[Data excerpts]
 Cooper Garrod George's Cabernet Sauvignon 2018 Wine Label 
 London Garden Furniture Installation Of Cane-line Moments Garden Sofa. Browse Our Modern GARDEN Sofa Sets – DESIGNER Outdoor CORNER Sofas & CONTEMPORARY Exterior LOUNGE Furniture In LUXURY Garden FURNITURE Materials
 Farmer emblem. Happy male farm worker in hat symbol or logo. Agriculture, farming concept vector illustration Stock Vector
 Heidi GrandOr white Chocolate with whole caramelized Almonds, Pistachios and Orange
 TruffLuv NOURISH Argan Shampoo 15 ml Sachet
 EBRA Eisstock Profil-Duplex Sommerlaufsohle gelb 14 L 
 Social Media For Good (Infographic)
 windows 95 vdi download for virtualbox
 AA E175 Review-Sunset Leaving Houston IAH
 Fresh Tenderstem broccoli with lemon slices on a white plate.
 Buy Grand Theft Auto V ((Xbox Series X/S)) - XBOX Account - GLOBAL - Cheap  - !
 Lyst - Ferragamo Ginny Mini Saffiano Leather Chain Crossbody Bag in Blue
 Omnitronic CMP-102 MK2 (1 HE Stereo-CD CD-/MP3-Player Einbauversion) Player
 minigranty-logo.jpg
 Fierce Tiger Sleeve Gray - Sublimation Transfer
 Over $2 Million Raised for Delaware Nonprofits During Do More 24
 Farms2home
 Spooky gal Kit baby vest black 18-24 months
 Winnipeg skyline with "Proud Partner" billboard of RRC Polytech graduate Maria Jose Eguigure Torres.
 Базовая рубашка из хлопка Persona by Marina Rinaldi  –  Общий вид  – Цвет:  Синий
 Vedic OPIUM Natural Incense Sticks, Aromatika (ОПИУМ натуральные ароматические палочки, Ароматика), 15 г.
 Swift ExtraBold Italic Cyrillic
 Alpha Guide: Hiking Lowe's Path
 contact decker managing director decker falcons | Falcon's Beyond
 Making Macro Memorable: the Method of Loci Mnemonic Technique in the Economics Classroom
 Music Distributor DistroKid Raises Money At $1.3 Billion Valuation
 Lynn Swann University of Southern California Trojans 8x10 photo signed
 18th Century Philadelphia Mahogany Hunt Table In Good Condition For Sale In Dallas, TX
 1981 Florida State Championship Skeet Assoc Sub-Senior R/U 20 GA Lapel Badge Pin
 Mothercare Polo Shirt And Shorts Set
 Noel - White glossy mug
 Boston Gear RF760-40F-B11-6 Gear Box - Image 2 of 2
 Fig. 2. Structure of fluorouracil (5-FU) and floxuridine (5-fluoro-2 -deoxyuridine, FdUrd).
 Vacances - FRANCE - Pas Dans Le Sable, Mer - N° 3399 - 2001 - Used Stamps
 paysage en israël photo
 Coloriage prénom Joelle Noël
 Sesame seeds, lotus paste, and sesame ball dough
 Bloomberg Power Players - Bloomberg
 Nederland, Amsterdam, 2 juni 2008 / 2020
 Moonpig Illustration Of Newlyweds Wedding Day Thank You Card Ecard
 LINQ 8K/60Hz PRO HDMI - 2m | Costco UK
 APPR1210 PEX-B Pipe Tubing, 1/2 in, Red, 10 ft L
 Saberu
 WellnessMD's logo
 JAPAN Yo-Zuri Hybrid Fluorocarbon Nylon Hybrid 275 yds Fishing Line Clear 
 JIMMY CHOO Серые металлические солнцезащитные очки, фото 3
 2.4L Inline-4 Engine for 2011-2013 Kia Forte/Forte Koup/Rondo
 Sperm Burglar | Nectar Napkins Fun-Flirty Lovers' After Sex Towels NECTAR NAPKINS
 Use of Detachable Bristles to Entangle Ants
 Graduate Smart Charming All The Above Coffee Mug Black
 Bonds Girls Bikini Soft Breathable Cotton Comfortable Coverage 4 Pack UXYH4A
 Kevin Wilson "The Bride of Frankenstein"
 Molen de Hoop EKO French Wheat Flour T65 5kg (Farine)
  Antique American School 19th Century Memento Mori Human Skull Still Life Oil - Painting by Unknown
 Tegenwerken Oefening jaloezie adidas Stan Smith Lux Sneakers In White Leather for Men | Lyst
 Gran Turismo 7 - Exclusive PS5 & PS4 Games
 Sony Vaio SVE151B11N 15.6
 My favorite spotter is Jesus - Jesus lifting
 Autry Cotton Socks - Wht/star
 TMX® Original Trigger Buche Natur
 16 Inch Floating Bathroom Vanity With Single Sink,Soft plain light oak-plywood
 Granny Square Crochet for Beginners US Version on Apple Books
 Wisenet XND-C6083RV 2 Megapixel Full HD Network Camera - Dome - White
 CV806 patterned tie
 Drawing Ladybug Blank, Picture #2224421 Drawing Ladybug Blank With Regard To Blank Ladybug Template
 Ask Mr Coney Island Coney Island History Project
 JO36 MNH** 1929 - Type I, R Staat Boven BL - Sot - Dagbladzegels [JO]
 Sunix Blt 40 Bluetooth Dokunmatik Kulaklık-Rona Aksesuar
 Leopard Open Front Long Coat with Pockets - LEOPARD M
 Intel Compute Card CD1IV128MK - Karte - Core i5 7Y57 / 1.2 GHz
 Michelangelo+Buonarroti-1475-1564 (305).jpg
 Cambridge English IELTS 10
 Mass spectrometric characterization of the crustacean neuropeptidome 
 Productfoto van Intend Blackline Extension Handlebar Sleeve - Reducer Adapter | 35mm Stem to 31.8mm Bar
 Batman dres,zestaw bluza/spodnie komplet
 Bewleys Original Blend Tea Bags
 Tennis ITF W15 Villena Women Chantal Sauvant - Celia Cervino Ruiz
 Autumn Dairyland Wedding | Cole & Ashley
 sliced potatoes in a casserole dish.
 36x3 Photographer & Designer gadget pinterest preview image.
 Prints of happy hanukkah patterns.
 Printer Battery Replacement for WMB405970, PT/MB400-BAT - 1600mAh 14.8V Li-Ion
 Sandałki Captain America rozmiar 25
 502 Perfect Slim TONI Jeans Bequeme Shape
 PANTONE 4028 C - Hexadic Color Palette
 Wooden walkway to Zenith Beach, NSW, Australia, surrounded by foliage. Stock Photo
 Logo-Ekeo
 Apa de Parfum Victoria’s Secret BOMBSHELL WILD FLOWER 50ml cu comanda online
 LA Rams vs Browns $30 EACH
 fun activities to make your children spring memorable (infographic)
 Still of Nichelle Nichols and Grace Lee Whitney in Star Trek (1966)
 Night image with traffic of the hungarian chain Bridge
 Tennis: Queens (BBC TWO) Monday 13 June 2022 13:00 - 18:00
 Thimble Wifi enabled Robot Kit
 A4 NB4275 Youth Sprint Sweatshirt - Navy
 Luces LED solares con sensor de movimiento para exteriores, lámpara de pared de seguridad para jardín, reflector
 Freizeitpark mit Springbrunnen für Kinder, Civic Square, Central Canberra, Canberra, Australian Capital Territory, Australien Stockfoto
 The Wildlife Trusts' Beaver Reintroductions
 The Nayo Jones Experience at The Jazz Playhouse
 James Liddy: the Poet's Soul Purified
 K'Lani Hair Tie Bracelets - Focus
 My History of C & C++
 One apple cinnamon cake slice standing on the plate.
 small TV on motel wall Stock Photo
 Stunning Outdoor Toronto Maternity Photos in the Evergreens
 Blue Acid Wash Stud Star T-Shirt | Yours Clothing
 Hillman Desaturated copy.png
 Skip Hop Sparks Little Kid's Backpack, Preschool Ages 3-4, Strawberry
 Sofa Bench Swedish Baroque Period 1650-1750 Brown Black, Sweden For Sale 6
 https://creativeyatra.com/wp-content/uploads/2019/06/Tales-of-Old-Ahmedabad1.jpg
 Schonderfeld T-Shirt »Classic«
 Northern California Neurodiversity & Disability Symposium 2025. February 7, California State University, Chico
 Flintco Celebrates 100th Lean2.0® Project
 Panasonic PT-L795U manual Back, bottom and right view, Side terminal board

### Exercise prompt
Your answer should be one number: the count of lines in the data above that include the word "Sleeve".

### Answer to the problem
2